Transcribed & marked up by Einde O’Callaghan for the Encyclopaedia of Trotskyism On-Line (ETOL).
As had been expected, the international aspects of the Truman address on The State of the Nation have touched off sharp criticisms and conflicts within the ranks of the new session of Congress. This part of his proposals dealt almost exclusively, of course, with the Marshall Plan, or the European Recovery Program, and contained the proposal that Congress should authorize the outlay of almost $7 billion, beginning with April 1 of this year and lasting for 15 months, to start the ERP on its historic way. This “contribution to world peace,” as Truman calls it, is but the “initial amount” essential. The fact that Truman has asked only for a fifteen-month appropriation, while it is a tactical capitulation to the Republicans, is not too important, since the over-all sum remains fixed at between $15 and $18 billions of dollars, for a period lasting until July 1952.
Thus the Marshall Plan, the backbone and highest expression to date of American foreign policy, is now formally cast into the fire and the debate will commence, growing warmer and more revealing as time passes.

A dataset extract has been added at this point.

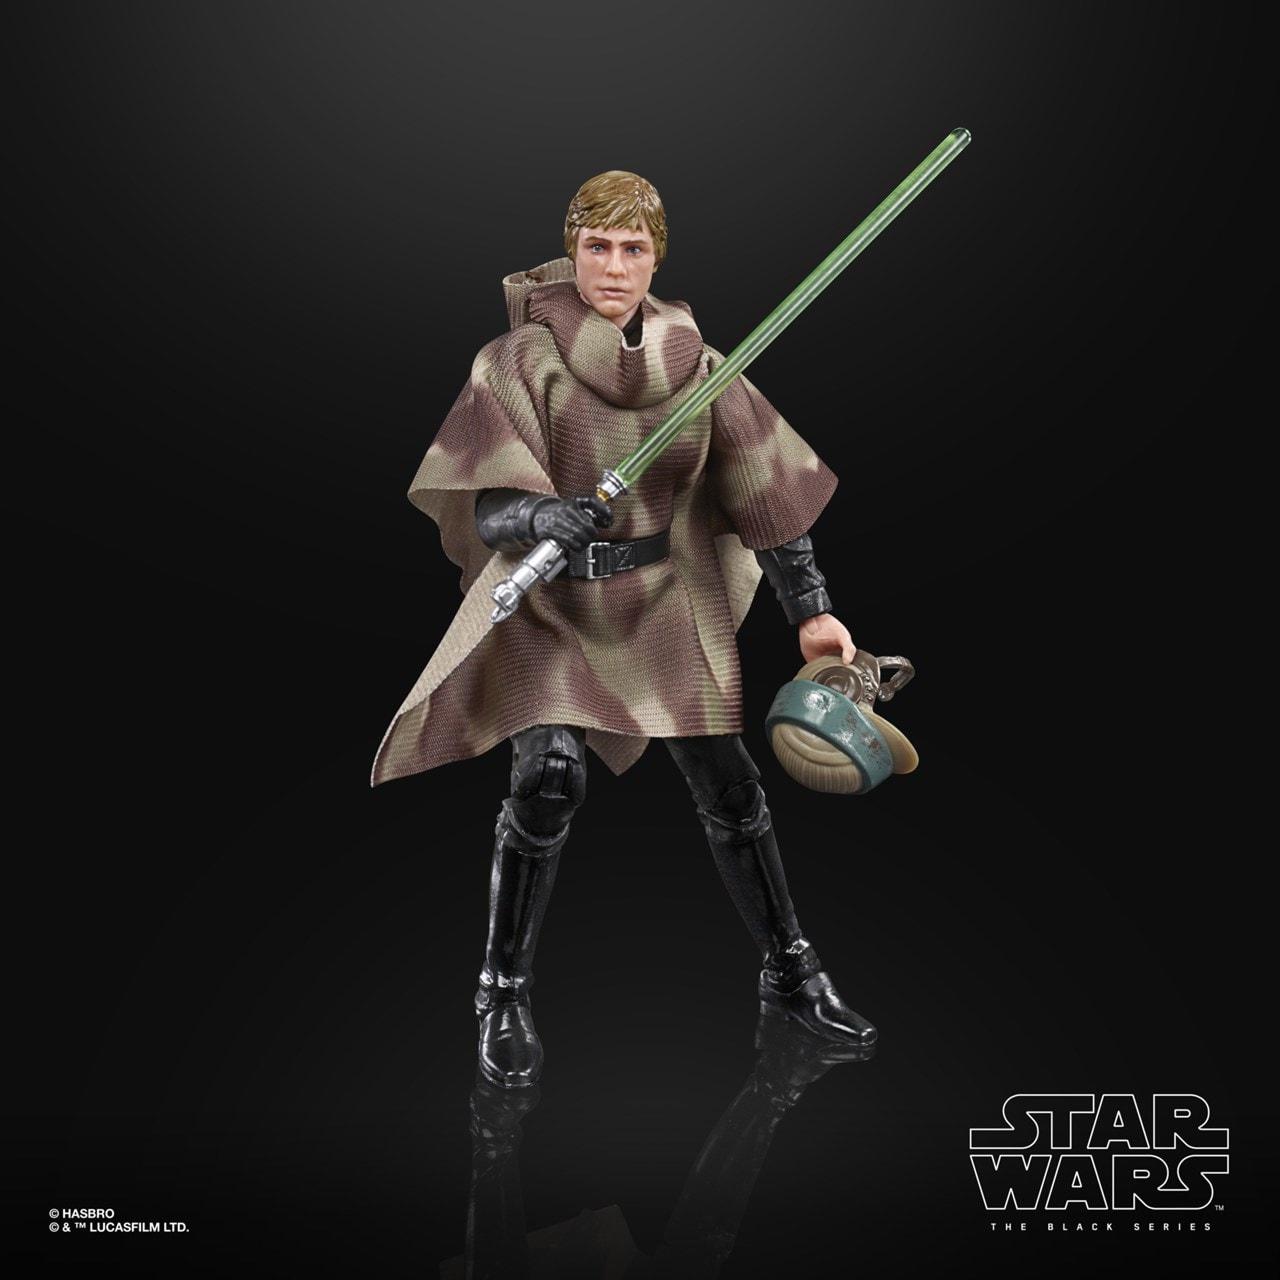 Luke Skywalker: Episode 6: The Black Series: Star Wars Action Figure - 2

It has already met a hostile and unfriendly reception not only from the Republican ranks, but also to a surprising degree from Democratic Party ranks. This debate is bound to color and affect in many ways all aspects of American domestic and international development. Marshall, in his appearance before the Senate Foreign Relations Committee, attempted to reassert the Administration’s offensive in the issue, by insisting that the plan – embodying administration in its entirety by the State Department – must be either accepted or rejected in toto. But it is clear that the struggle will be long and heated. Taft has predicted that a greatly modified Marshall Plan will not be put into practice until some time after July, not April, of this year. The very fundamentals of the plan will be challenged by lingering isolationist Republican elements, in the first place, and by Wallace supporters, representing Stalinist Russia’s opposition to European aid. Democrats, big business interests and liberal ideologists who take a long-range view of the perspectives of American imperialism will be the most articulate supporters of the Truman proposals.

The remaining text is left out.